June 20, 2012
On 6/19/2012 6:06 PM, Alex Rønne Petersen wrote:
> On 20-06-2012 03:01, Walter Bright wrote:
>> On 6/19/2012 3:47 PM, Alex Rønne Petersen wrote:
>>> On 19-06-2012 23:52, Walter Bright wrote:
>>>> GDC can certainly define its D calling convention to match GCC's. It's
>>>> an "implementation defined" thing, not a language defined one.
>>> Then let's please rename it to the DMD ABI instead of calling it the D
>>> ABI
>>> and
>>> making it look like it's part of the language on the website.
>>
>> The ABI is not part of the language. For example, the C Standard says
>> nothing whatsoever about the C ABI.
>
> Then it's very misleading that it's under the language reference area of the
> website and calls it the "D ABI" and not the "DMD ABI". This might have been
> fine back when there was only DMD, but it really needs to be made clear that
> this is not an ABI that compilers are required to follow.

You're probably right.


>>> Further, D mangling rules should be separate from calling convention.
>>
>> I disagree. The mangling rules are not part of the language
>> specification, either. But they are necessary so that a function with
>> one convention won't be connected to one with another.
>>
>
> If compilers employed their own mangling schemes, debuggers and other tools
> would never be able to properly demangle names. I think it is important that the
> mangling is at least emphasized as a highly recommended (but not required) part
> of the language to implementors.

I don't think we need to worry about that. Implementers tend to follow existing practice unless there is a very, very good reason.

June 20, 2012
On 2012-06-19 21:14, Russel Winder wrote:

> I never used V1 (though I do have the Tango book) so enforcing V2 will
> nto be a problem. Actually this means I can delete 65% of the SCons D
> tool :-)))))))))

You can use the Tango book with D2.

>> 3) For anyone who has submitted patches for Mingw and Apple -
>> sorry, but I'm going to have to yank out or alter certain bits.
>> Apple GCC is irrelevant now, and some Mingw checks look for
>> if(target) when it should really be checking if(host) and vice
>> versa!
>
> Is Apple GCC irrelevant? Apple itself has switched to Clang but GCC is
> still available via MacPorts – or am I missing something obvious, I am
> only an occasional Mac OS X user.

Probably not so much. Note that GCC is still available from Apple, still stuck at 4.2.x.

-- 
/Jacob Carlborg
June 20, 2012
Le 19/06/2012 22:58, Manu a écrit :
> Thinking more about the implications of removing the inline asm, what
> would REALLY roxors, would be a keyword to insist a variable is
> represented by a register, and by extension, to associate it with a
> specific register:
>    register int x;             // compiler assigns an unused register,
> promises it will remain resident, error if it can't maintain promise.
>    register int x : rsp;    // x aliases RSP; can now produce a function
> pre/postable in high level code.
> Repeat for the argument registers -> readable, high-level custom calling
> conventions!
>
> This would almost entirely eliminate the usefulness of an inline assembler.
> Better yet, this could use the 'new' attribute syntax, which most agree
> will support arguments:
> @register(rsp) int x;

Choosing registers is something the compiler is better at than us most of the time.

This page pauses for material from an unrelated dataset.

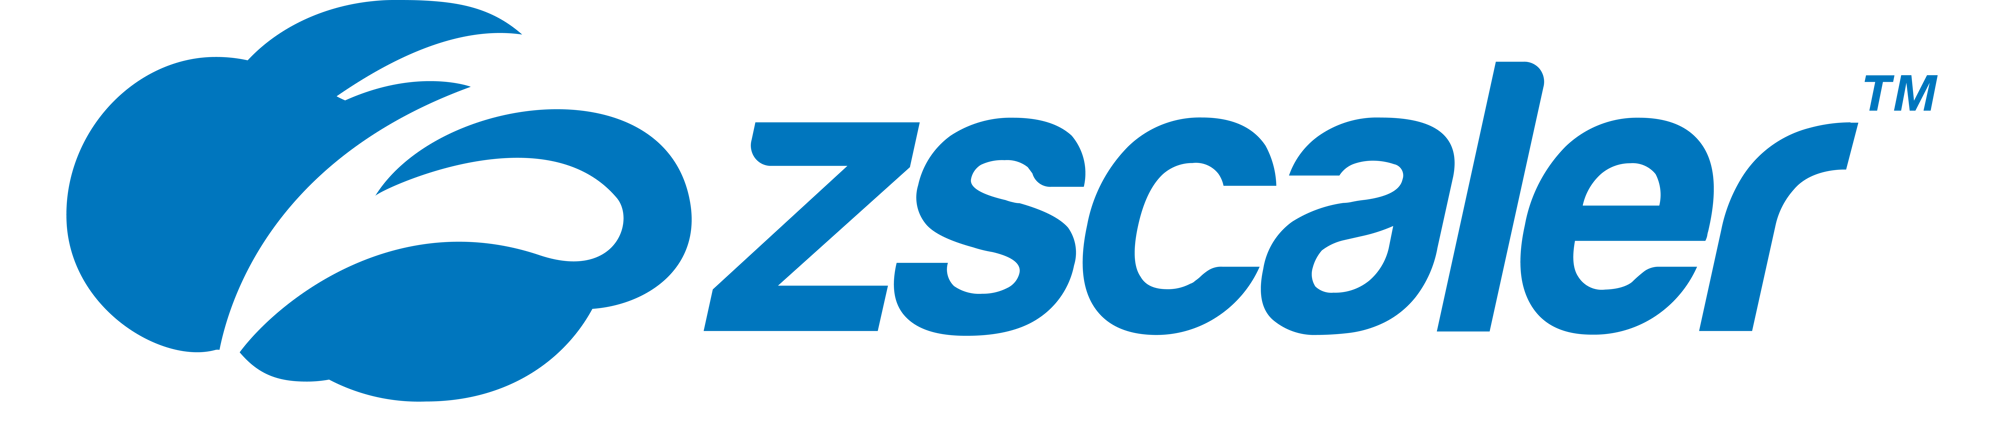 Zscaler - Matrium Partner

For this very reason, I think we want to go in the exact opposite direction : asm with compiler choosen register when possible.
June 20, 2012
Le 20/06/2012 04:34, Walter Bright a écrit :
> I don't think we need to worry about that. Implementers tend to follow
> existing practice unless there is a very, very good reason.
>

Did you ever heard of a company named microsoft ?
June 20, 2012
On 20 June 2012 10:42, deadalnix <deadalnix@gmail.com> wrote:

> Le 19/06/2012 22:58, Manu a écrit :
>>
>> This would almost entirely eliminate the usefulness of an inline
>> assembler.
>> Better yet, this could use the 'new' attribute syntax, which most agree
>> will support arguments:
>> @register(rsp) int x;
>>
>
> Choosing registers is something the compiler is better at than us most of the time.
>
> For this very reason, I think we want to go in the exact opposite direction : asm with compiler choosen register when possible.
>

...I think you've missed the entire point of my suggestion. But that's okay. I give up ;)


June 20, 2012
Le 20/06/2012 09:58, Manu a écrit :
> On 20 June 2012 10:42, deadalnix <deadalnix@gmail.com
> <mailto:deadalnix@gmail.com>> wrote:
>
>     Le 19/06/2012 22:58, Manu a écrit :
>
>         This would almost entirely eliminate the usefulness of an inline
>         assembler.
>         Better yet, this could use the 'new' attribute syntax, which
>         most agree
>         will support arguments:
>         @register(rsp) int x;
>
>
>     Choosing registers is something the compiler is better at than us
>     most of the time.
>
>     For this very reason, I think we want to go in the exact opposite
>     direction : asm with compiler choosen register when possible.
>
>
> ...I think you've missed the entire point of my suggestion.
> But that's okay. I give up ;)

We presented you example code where your approach isn't going to do the trick. You are free to ignore them.
June 20, 2012
> Inline assembly has been relatively useless in GCC for years. Inline asm
> interferes with the optimisers ability to do a good job, which basically
> makes use of inline assembly self-defeating.
> The only time I ever need to use inline-asm is to interface an arch feature
> that has no API. As long as there are intrinsics for all the opcodes one
> might want, then it's better to use them.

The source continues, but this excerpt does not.